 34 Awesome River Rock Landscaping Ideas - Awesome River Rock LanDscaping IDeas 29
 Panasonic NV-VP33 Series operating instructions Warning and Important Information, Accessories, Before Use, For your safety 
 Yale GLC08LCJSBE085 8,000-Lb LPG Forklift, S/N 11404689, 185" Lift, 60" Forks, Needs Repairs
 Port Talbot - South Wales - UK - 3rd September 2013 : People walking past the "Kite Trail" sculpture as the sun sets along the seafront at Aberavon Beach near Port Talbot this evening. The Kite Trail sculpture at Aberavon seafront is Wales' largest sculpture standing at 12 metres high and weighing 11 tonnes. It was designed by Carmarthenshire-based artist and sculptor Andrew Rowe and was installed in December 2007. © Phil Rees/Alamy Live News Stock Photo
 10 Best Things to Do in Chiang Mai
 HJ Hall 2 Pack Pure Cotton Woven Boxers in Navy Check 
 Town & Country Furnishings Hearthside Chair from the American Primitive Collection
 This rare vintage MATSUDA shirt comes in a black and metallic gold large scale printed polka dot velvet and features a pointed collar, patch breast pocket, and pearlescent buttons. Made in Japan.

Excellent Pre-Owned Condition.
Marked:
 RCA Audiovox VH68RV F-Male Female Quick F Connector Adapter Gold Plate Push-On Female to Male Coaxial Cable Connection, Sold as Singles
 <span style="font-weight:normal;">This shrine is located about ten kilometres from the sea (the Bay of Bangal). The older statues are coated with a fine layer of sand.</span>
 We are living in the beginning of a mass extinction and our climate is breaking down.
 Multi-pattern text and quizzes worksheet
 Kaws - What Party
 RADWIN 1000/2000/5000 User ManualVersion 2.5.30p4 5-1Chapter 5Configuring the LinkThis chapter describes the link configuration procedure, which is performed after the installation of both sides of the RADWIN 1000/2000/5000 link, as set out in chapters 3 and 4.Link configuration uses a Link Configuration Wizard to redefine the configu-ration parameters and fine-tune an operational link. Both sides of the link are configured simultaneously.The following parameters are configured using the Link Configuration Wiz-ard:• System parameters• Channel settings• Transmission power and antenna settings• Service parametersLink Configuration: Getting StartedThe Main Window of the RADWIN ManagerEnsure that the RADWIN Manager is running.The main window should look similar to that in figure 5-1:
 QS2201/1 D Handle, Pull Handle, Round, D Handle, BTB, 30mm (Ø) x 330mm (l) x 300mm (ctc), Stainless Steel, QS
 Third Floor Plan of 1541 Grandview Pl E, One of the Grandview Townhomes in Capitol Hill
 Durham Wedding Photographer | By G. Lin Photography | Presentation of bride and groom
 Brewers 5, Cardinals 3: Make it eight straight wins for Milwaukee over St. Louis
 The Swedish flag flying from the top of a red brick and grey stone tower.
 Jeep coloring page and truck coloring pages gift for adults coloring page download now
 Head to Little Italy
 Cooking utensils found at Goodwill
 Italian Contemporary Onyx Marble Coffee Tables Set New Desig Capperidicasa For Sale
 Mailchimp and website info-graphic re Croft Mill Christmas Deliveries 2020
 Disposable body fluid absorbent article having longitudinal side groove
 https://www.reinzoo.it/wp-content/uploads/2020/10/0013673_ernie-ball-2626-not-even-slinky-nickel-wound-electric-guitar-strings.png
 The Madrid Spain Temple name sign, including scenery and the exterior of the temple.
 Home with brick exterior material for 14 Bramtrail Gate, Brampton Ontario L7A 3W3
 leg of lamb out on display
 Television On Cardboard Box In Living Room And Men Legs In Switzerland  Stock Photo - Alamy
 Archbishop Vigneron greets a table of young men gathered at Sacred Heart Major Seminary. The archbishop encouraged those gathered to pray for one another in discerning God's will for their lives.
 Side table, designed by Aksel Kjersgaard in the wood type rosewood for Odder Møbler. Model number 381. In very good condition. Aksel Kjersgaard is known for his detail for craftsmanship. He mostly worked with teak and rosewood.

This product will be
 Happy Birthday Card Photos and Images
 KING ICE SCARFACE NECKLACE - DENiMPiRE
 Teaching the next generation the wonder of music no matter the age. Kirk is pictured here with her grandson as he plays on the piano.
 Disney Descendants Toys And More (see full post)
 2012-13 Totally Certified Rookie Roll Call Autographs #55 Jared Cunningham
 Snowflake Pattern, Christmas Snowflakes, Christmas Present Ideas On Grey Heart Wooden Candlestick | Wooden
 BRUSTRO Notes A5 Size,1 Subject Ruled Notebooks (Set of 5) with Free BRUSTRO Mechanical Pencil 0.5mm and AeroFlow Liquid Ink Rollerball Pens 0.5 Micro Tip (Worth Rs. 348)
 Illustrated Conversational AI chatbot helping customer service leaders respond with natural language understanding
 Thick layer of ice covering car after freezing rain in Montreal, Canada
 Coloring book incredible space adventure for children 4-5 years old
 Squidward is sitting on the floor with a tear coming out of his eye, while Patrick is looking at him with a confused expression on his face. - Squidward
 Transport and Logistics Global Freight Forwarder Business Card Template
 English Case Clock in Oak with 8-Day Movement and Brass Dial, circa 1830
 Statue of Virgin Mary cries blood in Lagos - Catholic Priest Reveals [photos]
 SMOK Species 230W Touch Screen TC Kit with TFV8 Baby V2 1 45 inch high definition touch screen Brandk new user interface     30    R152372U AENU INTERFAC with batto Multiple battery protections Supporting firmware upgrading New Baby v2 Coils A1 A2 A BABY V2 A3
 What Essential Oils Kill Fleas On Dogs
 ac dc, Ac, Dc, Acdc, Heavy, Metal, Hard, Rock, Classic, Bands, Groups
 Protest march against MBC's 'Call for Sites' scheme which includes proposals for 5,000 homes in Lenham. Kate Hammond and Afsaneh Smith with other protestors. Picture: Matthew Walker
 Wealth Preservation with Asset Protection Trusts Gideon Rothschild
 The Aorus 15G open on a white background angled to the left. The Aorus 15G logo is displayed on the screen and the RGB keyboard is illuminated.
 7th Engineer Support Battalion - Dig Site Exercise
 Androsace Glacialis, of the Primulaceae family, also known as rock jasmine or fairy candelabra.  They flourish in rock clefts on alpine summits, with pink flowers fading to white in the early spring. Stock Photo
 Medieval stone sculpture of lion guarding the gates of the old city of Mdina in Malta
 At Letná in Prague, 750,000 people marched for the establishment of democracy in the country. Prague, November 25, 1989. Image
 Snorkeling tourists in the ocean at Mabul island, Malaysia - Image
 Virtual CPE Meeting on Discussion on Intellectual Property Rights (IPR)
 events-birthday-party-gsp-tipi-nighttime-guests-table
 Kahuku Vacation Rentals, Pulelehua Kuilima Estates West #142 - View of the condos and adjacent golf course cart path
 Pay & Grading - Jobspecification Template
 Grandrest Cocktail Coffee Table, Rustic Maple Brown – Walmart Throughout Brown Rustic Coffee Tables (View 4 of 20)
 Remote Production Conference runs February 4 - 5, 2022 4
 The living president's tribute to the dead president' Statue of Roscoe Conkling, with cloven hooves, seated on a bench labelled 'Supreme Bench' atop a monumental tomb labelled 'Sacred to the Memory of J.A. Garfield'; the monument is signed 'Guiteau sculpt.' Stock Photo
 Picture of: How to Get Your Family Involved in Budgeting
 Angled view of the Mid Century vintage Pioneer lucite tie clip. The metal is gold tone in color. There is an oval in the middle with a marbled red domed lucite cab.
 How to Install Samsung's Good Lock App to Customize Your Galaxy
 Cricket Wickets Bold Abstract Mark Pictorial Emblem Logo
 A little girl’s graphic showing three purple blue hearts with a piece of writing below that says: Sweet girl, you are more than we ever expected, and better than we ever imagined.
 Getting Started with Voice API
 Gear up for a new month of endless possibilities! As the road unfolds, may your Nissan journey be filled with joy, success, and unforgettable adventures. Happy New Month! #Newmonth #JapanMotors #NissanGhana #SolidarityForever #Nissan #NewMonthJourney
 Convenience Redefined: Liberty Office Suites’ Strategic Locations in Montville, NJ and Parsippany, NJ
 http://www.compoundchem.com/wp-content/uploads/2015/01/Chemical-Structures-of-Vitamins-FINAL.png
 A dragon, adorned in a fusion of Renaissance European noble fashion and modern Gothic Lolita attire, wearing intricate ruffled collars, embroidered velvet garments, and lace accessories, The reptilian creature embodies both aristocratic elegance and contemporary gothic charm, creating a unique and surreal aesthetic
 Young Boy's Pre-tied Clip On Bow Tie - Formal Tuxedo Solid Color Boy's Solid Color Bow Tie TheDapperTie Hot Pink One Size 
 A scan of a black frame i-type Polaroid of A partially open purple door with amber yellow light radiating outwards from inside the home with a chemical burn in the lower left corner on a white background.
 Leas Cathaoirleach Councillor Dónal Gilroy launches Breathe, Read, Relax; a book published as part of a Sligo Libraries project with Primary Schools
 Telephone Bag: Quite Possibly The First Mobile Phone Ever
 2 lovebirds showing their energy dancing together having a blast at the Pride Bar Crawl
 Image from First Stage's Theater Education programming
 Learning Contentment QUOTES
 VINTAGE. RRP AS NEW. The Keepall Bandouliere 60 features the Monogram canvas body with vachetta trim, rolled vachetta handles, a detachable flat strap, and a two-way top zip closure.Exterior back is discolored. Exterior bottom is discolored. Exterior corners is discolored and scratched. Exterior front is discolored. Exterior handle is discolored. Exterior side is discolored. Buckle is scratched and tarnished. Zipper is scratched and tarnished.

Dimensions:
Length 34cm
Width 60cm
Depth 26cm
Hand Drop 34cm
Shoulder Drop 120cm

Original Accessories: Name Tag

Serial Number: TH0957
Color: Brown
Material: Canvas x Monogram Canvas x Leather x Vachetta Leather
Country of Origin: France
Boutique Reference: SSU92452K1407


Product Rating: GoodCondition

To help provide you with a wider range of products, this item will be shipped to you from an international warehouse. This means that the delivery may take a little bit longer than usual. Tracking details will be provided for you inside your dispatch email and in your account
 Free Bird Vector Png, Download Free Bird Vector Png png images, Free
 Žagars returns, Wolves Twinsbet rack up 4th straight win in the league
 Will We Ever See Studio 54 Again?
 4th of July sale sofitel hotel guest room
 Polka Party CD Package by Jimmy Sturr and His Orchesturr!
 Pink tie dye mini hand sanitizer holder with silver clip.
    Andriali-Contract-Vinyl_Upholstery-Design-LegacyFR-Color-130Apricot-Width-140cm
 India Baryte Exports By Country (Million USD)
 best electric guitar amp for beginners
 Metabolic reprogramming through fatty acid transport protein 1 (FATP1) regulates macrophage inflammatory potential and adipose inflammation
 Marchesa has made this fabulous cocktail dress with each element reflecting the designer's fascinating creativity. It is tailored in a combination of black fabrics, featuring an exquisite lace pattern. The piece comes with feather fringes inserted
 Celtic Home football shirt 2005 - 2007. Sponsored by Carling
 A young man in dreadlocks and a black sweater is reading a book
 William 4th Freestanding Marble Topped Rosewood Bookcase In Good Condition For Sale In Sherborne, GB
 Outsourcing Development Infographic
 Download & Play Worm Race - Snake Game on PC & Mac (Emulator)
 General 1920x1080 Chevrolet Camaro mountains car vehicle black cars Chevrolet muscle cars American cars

Task directions>
From the records above, print exactly the lines that run from the line with "Young Boy's Pre-tied" to the line with "A scan of a", inclusive.

Response to the exercise>
 Young Boy's Pre-tied Clip On Bow Tie - Formal Tuxedo Solid Color Boy's Solid Color Bow Tie TheDapperTie Hot Pink One Size 
 A scan of a black frame i-type Polaroid of A partially open purple door with amber yellow light radiating outwards from inside the home with a chemical burn in the lower left corner on a white background.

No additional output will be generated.